Chemical structures of representative donor and acceptor materials

Theoretically, downshifting the HOMO of the donor or upshifting the LUMO of the acceptor are two important molecular design strategies to increase Voc. In this work, we investigated the application of thiazole units in designing deep HOMO-level donors by copolymerizing 4-methyl thiazole as an electron-withdrawing acceptor, which contains a typical donor unit, with fluorinated thienyl-benzodithiophene (F-BDT). In addition, we designed and synthesized a polymer, namely PSZ. This polymer has a high optical bandgap of 2.0 eV and an HOMO level of − 5.70 eV. The results of temperature-dependent absorption spectra indicated that the polymer had a solution pre-aggregation effect, which can promote the formation of a good phase-separated morphology in the active layer. When blended with non-fullerene acceptor BTP-eC9 to fabricate photovoltaic devices, Voc of 0.88 V was obtained with PCE of 8.15%. Moreover, when PSZ was used as the third component (20%, w/w) in PBDB-TF:BTP-eC9 binary cell, Voc of the device increased to 0.85 V, and a high PCE of 17.4% could be obtained. These results indicated that the introduction of thiazole into the conjugated backbone of the donor can reduce the HOMO energy level of the material, which can improve Voc, thereby fabricating high-efficiency OSCs.

Results and Discussion

Design and Preparation of the Polymer Material

The development of polymer donors plays a crucial role in improving the efficiency of OSCs.
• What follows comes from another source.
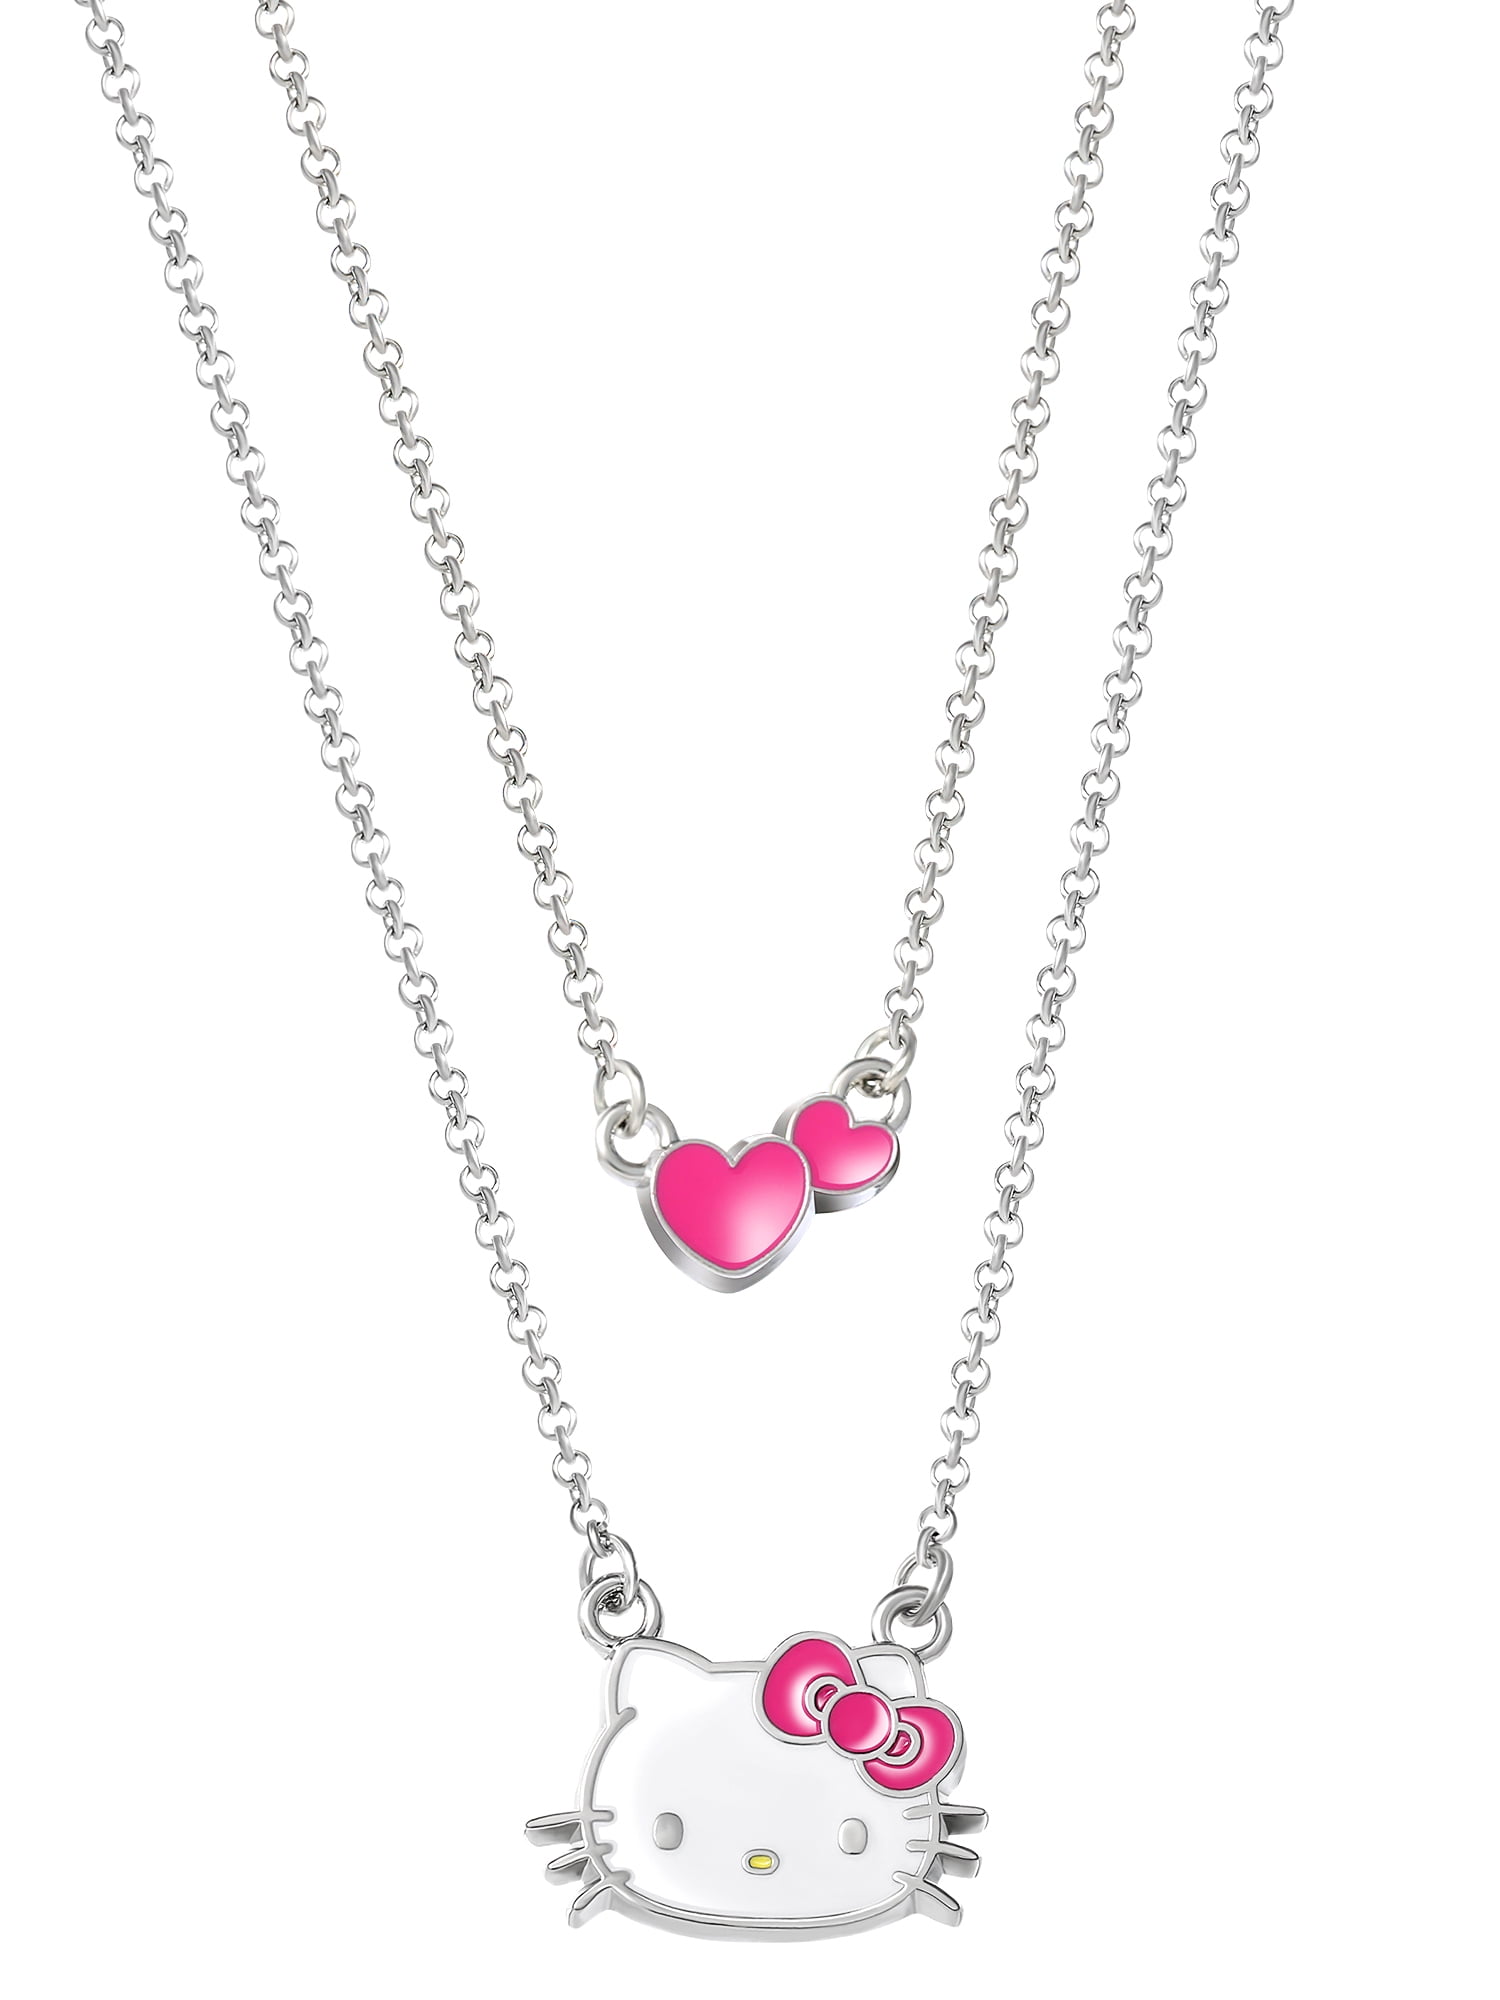 Pretty Beautiful Enameled Hello Kitty Necklace for Girls′ Accessories -  China Necklace and Hello Kitty Necklace price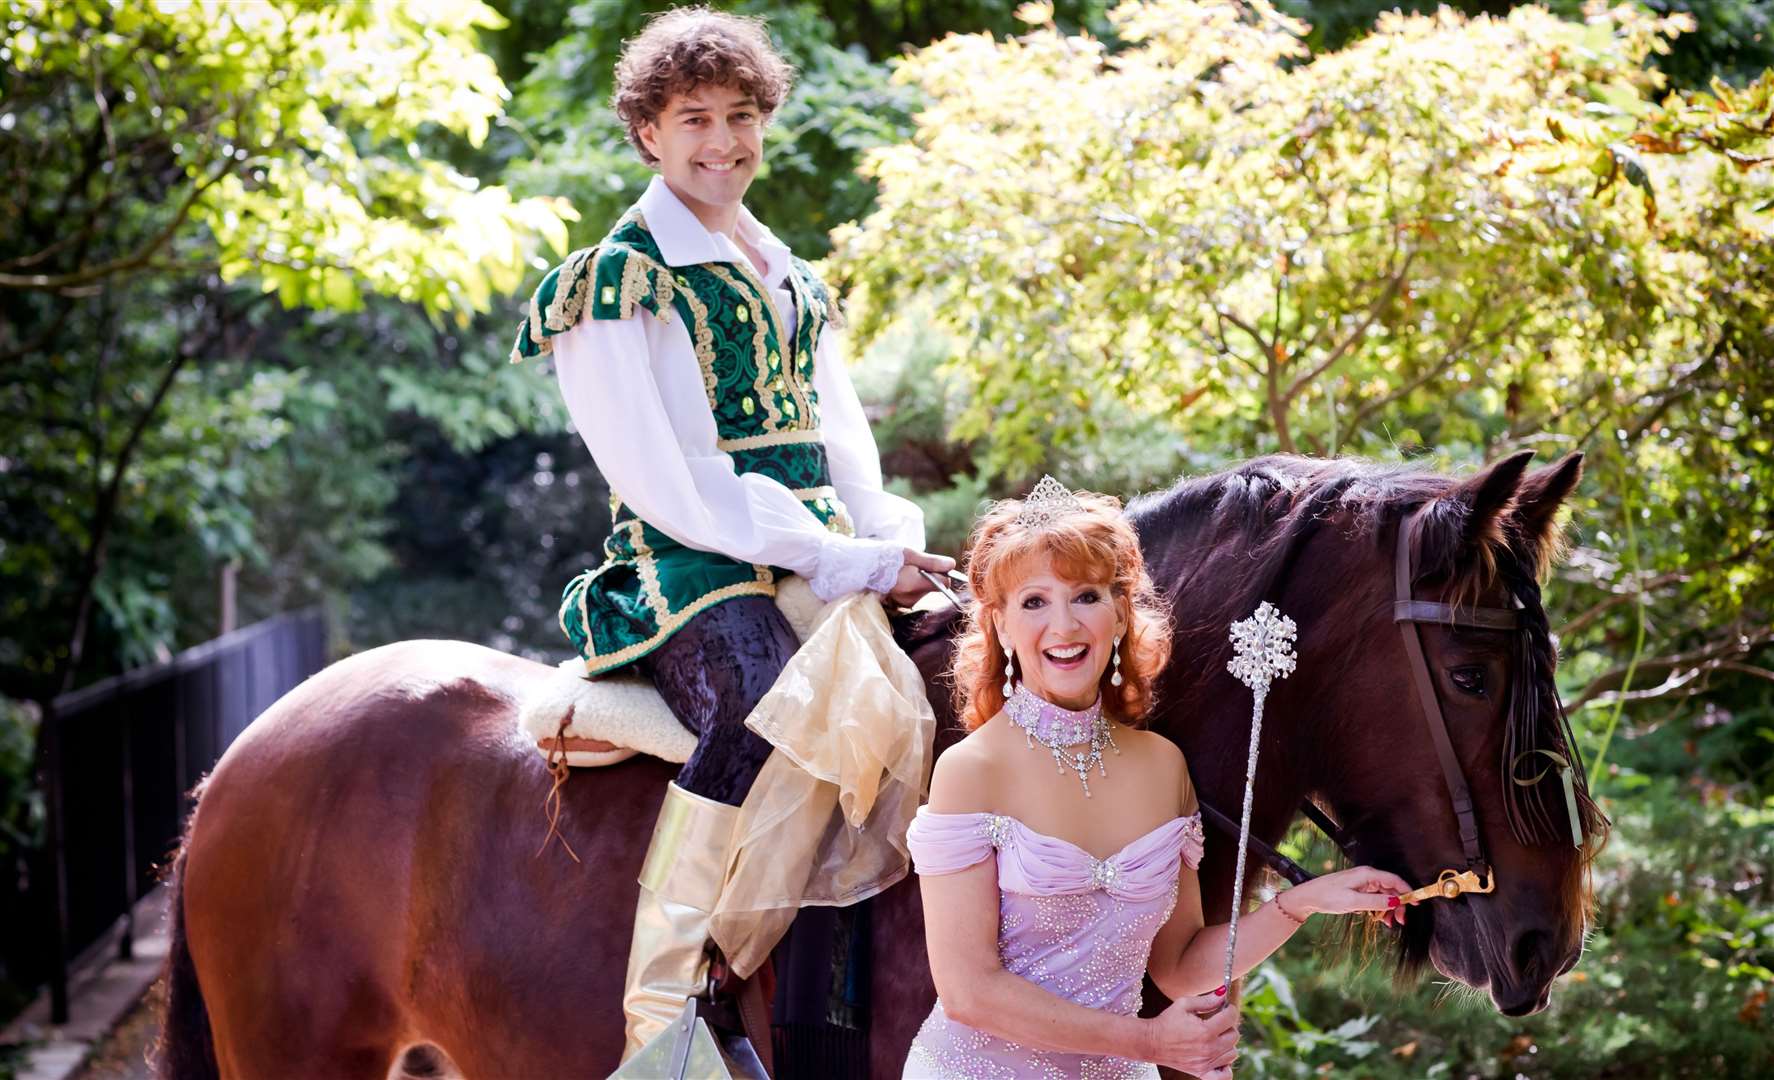 Lee Mead and Bonnie Langford at the launch of the Churchill Theatre's panto, Sleeping Beauty Picture: Kate Darkins

For three decades, a wide variety of building units and polymer materials with excellent photovoltaic properties have been reported. Among them, benzodithiophene with a two-dimensional conjugated thiophene side chain (2D-BDT) is regarded as an outstanding donor unit because of its large conjugated plane, strong electron-rich property, and excellent hole transportability. At present, the relatively high-lying HOMO energy levels of 2D-BDT-based donor materials limit the Voc values of corresponding photovoltaic devices. Therefore, downshifting the HOMO levels of such polymers is necessary. Thiazoles are a class of five-membered heterocycles containing nitrogen and sulfur, and the relatively high electronegativity of the nitrogen atom endows the unit with an electron-withdrawing property. In addition, its simple structure can be used to replace the complex moieties in the construction of organic photovoltaic materials, which can reduce the synthetic cost of the final material. Given the abovementioned characteristics, we combined fluorinated 2D-BDT (BDT-Sn) with 4-methyl thiazole-bromine (Sz-Br) to design an alternating copolymer PSZ.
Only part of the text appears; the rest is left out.